Measles is a highly contagious viral disease that causes enormous morbidity and mortality among children in the prevaccine era. As a vaccine-preventable disease, a measles epidemic could be effectively controlled and interrupted using a safe and effective vaccine. Under the Global Vaccine Action Plan, measles and rubella are targeted for elimination in five WHO Regions by 2020 [1]. To achieve measles elimination, in addition to maintaining high vaccination coverage, a sensitive case-based surveillance system is also considered to be very important. For the low-incidence or elimination phase, case-based surveillance should be conducted, and every case should be reported and investigated immediately. Thus, an accurate diagnosis for every measles case is critical for measles elimination, and laboratory specimens should be collected from every sporadic/outbreak case to characterize viral circulation and importation patterns [2].

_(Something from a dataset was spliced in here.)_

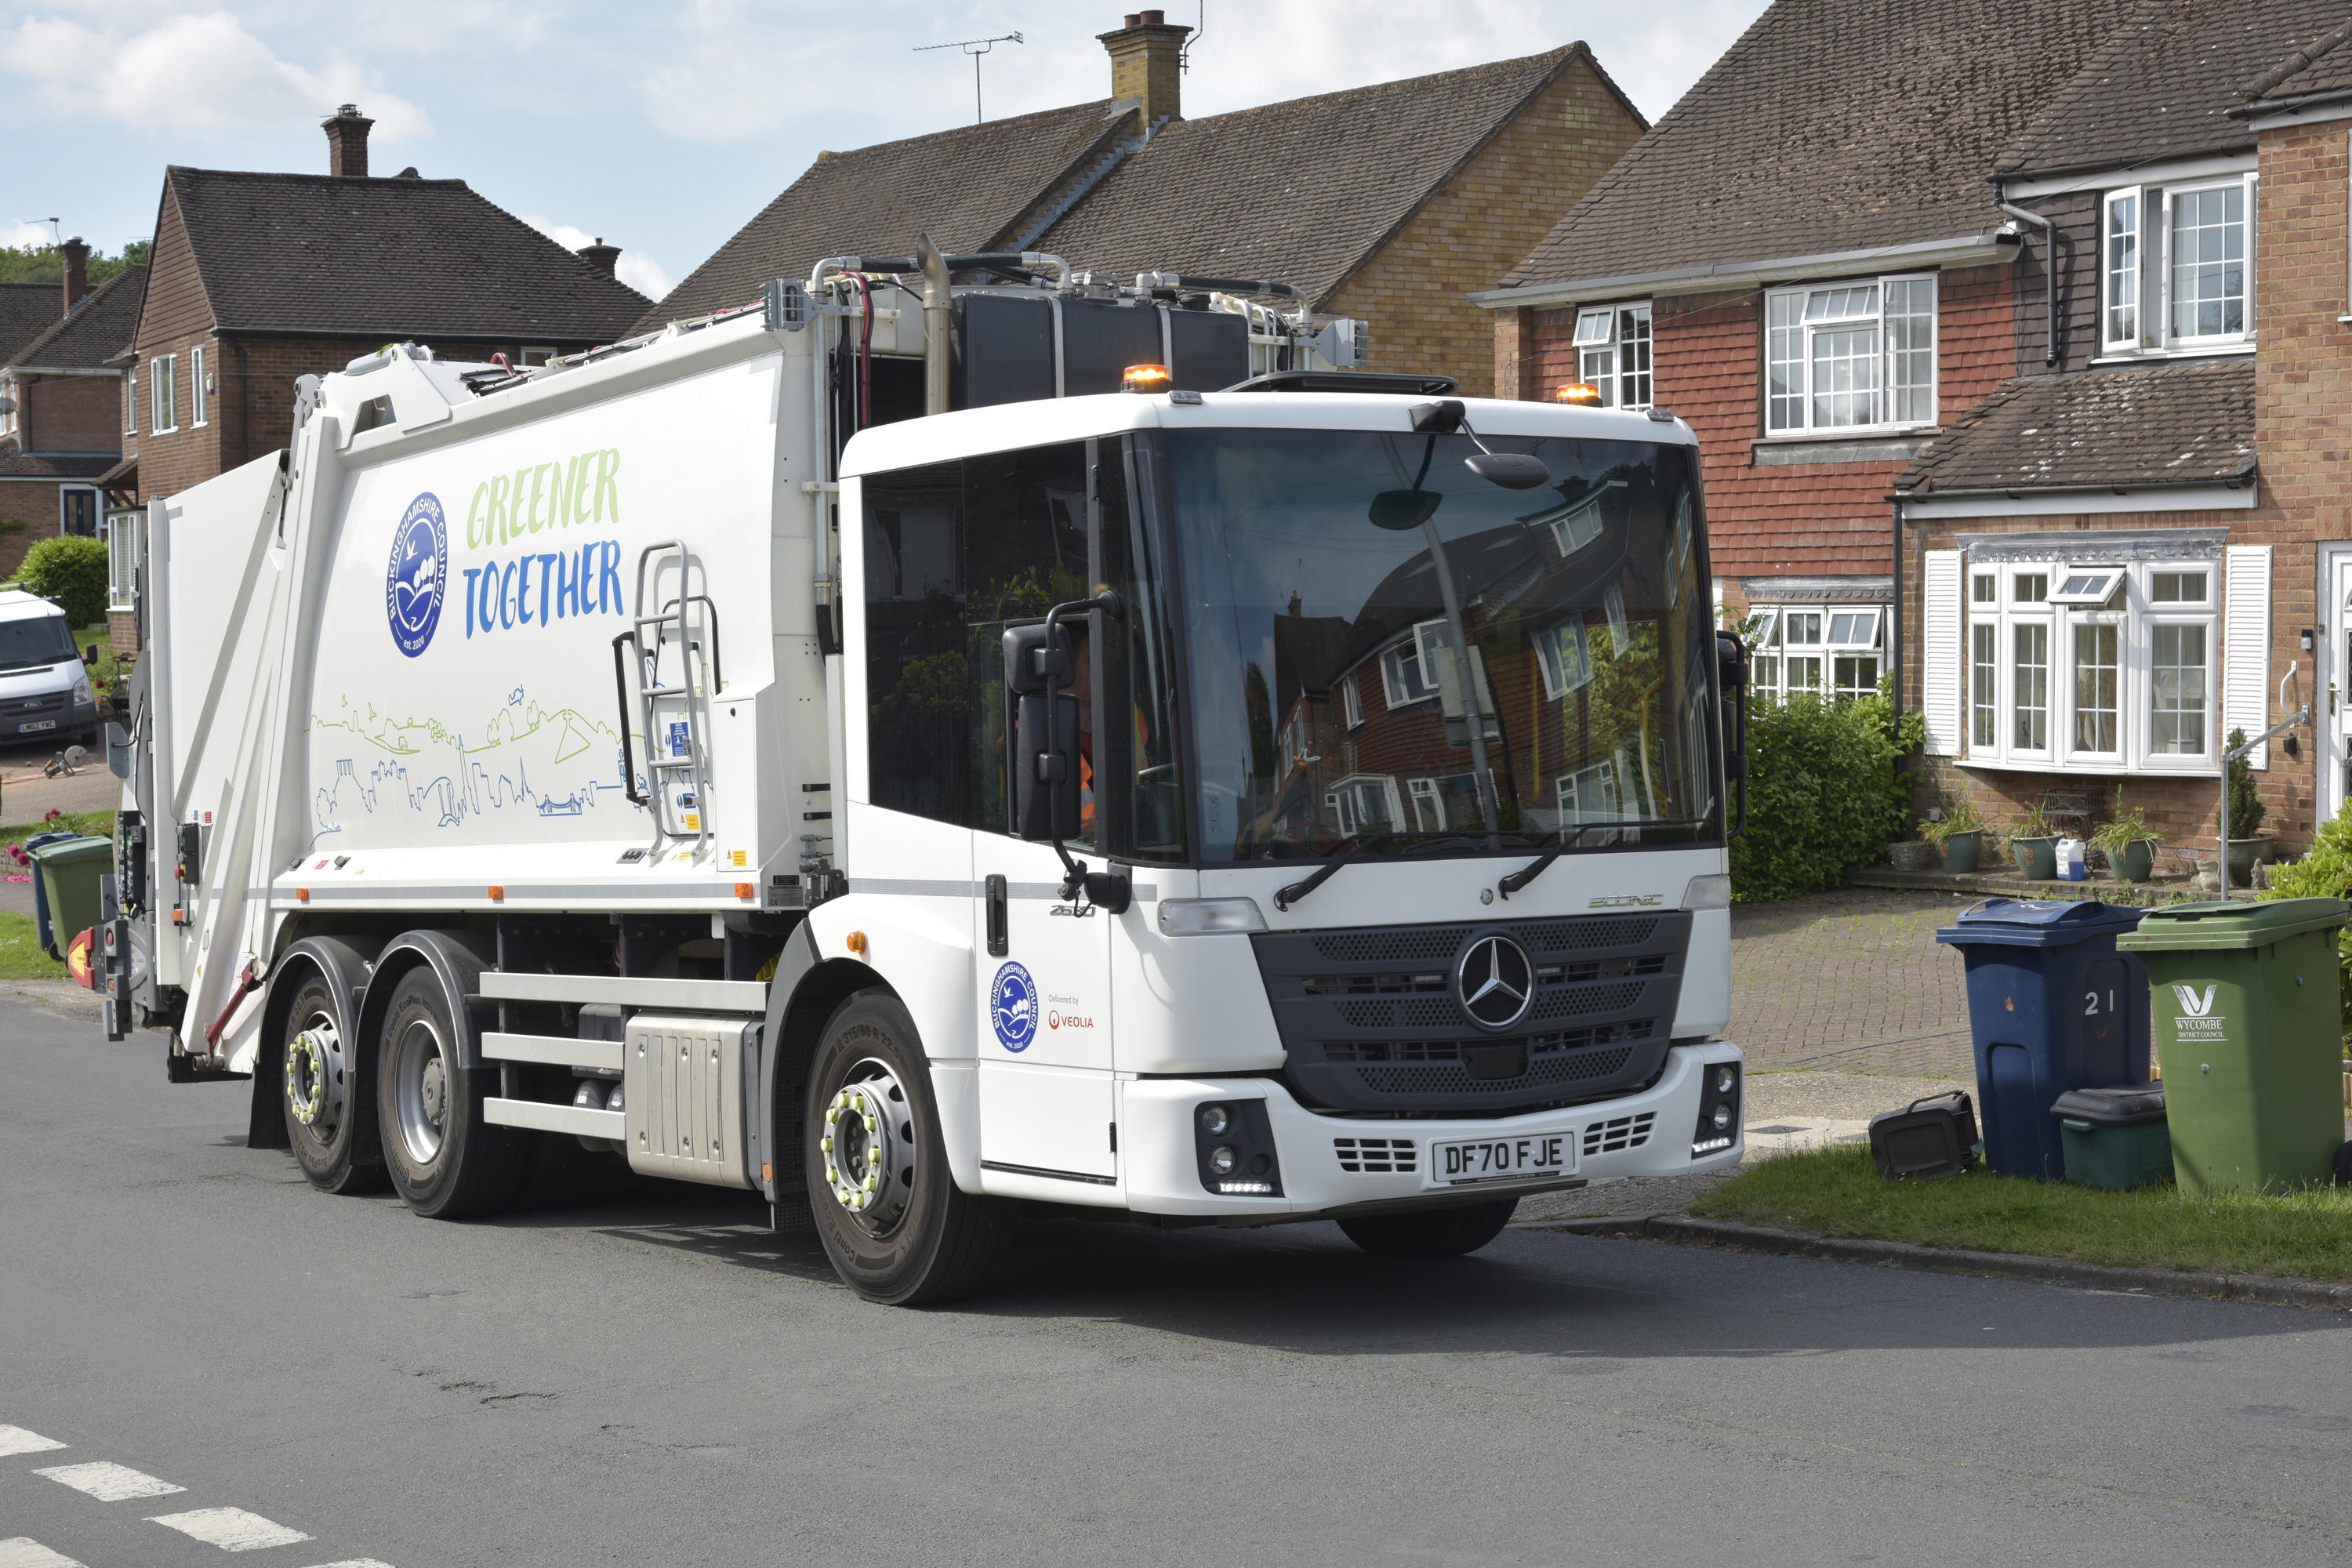 A Veolia Buckinghamshire Recycling Collection Vehicle is parked on a residential street.

China has made substantial efforts to achieve the measles elimination goal in recent years, including the implementation of high vaccination coverage through routine and supplementary immunization activities, as well as by conducting a high-quality epidemiological and laboratory measles surveillance [3]. Through these efforts and measures, the incidence of reported cases of measles has drastically reduced in recent years [3,4]. In 2017, the incidence of measles has reached the lowest level in history (unpublished data). The Chinese Measles Laboratory Network (CMLN) was established in 2001 and is composed of one national, 32 provincial and 339 prefectural laboratories [5]. The measles surveillance system (MSS), as a national case-based system of measles surveillance with laboratory support, has been implemented since 2009 [3].

In China, 53.0% of serum samples were collected within 3 days of rash onset for the laboratory test. Based on the China national measles surveillance guideline, second serum samples were required to be collected if the first serum sample was negative. However, the second serum samples were very difficult to follow up with unconfirmed measles cases who can freely travel anywhere after seeing the doctor for the first time, and very few second serum samples were obtained for laboratory detection. Therefore, real-time reverse transcription-polymerase chain reaction (RT-PCR) has been widely introduced into CMLN to supplement the laboratory test, in addition to IgM ELISA, based on the updated national measles surveillance guideline since 2014. In this study, we focused on the evaluation of the role of real-time RT-PCR in the measles pre-elimination phase, compared with the IgM ELISA test, based on the measles surveillance data obtained from MSS during 2014–2017.

Materials and methods

Case definitions

Suspected measles cases in measles surveillance were defined as any person with fever and rash and one or more of the following symptoms: cough, coryza and conjunctivitis, according to the China national measles surveillance guideline. Additionally, the cases suspected as measles cases by the doctor responsible for the report were also included in the measles surveillance system, and these cases may show no rash among their clinical symptoms [3]. Suspected measles cases were confirmed as by laboratory testing, epidemiological linkage or clinical criteria (http://www.wpro.who.int/immunization/documents/measles_elimination_field_guide_2013.pdf?ua=1) [3].

Dataset

In accordance with the China national measles surveillance guideline of 2014, the investigations of suspected measles cases were carried out, and information was collected by MSS. In this study, case-based measles surveillance data during 2014–2017 were downloaded from MSS, including the number of suspected measles cases, the vaccination status, specimen collection information, and laboratory test results. The suspected measles cases tested simultaneously with measles-specific IgM ELISA and real-time RT-PCR were selected for further analysis. Meanwhile, the cases with incomplete information regarding the vaccination status and specimen collection date were excluded from the dataset. Vaccination status was classified as 0 dose, 1 dose, 2 doses, and ≥3 doses. The number of days of specimen collection after onset was classified according to the four groups: 0–3, 4–5, 6–10, and >10. Case numbers were counted by the date of onset, and the positive rate and proportion of measles-specific IgM ELISA and real-time RT-PCR were calculated using Microsoft Excel.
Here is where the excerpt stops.